Establishment of a cell line from Japanese patient useful for generating an in vivo model for malignant pleural mesothelioma
Malignant pleural mesothelioma (MPM) is an aggressive tumor that arises from mesothelial cells on the serosal surfaces of the thoracic cavity and is associated with asbestos exposure. Once a rare disease, the incidence of MPM has been increasing worldwide. With poor early detection and limited efficacy of conventional treatments, MPM patients have a median survival rate of 9–17 months. Improved understanding of MPM’s behavior is necessary to increase early diagnosis and treatment efficacy. In an effort to develop a better in vivo model of MPM, Sato and colleagues investigated six MPM cell lines from pleural effusion fluids or surgically resected tumors. Following subcutaneous inoculation in BALB/c-nude mice, one cell line, MM56, rapidly generated tumors that maintained the expression of mesothelioma-related markers. Furthermore, orthotopic implantation of MM56 into BALB/c-nude mice resulted in diffuse growth of thoracic tumors; orthotopic implantation models are considered to provide the most useful models for in vivo MPM study. The authors conclude that MM56 cells behave in a manner characteristic of human MPM and may provide a useful in vivo model with which to study the behavior of this disease.
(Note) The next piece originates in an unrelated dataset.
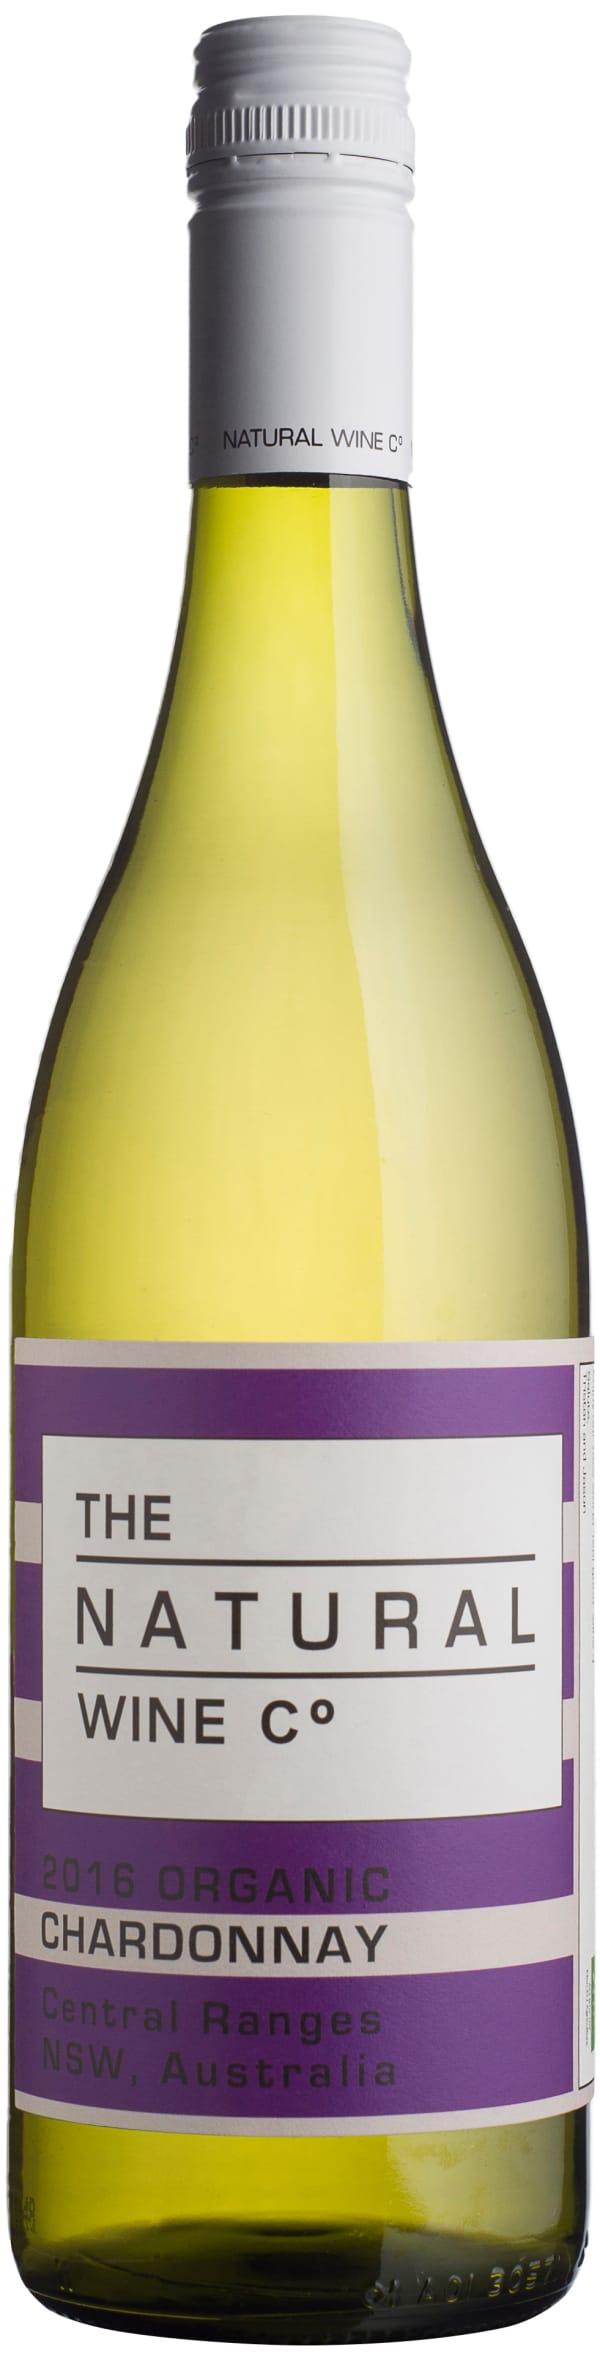 The Natural Wine Co Organic Chardonnay 2017

Broad spectrum and potent anti-tumor activities of YM155, a novel small-molecule survivin suppressant, in a wide variety of human cancer cell lines and xenograft models
Survivin, a member of the inhibitor of apoptosis protein family, is a novel target for anticancer therapy. Highly expressed in a range of solid tumors and hematological malignancies, survivin is associated with negative prognostic factors in a variety of tumor types. Inhibition of survivin has been found to disturb cell proliferation and induce apoptosis in various tumor types. A novel small-molecule survivin suppressant, YM155, has anti-tumor activity in a number of human cancer models. To better characterize YM155’s therapeutic potential, Nakahara and colleagues investigated the molecule’s anti-tumor activity in a broad range of human cancer cell lines and xenograft models. YM155 inhibited tumor growth in 155 human cancer cell lines; tumor regression was associated with decreased intratumoral survivin expression, increased apoptosis, and decreased mitotic indices. The authors identify YM155 as a potent anticancer agent and call for further investigation of YM155’s therapeutic potential both alone and in conjunction with conventional chemotherapeutic agents and with molecular targeted agents.
The in vitro and in vivo anti-tumor effect of KO-202125, a sauristolactam derivative, as a novel epidermal growth factor receptor inhibitor in human breast cancer
Epidermal growth factor receptor (EGFR) plays an important role in regulating various biological processes, such as cell proliferation, apoptosis, angiogenesis, and differentiation. Overexpression of EGFR is a marker of poor prognosis in many cancer types including breast cancer. As one of the most promising targets for cancer therapy, EGFR is the target of many anti-tumor drugs. However, current EGFR inhibitors have limited efficacy on the more aggressive breast cancers. In this issue, Oh and colleagues report the anticancer effects of a novel EGFR inhibitor, KO-202125, in EGFR-overexpressing cancer cell lines. KO-202125 is one of the synthesized aristolactam analogs and has previously been shown to induce apoptosis in KB human oral squamous carcinoma cells. The authors now report anti-proliferative and apoptotic activity of KO-202125 in EGFR-overexpressing breast cancers both in vitro and in vivo. Downregulation of EGFR activity and the Akt pathway were identified as possible molecular mechanisms of KO-202125’s therapeutic effects. The researchers suggest that KO-202125 is a potential anticancer drug for EGFR-overexpressing breast cancers.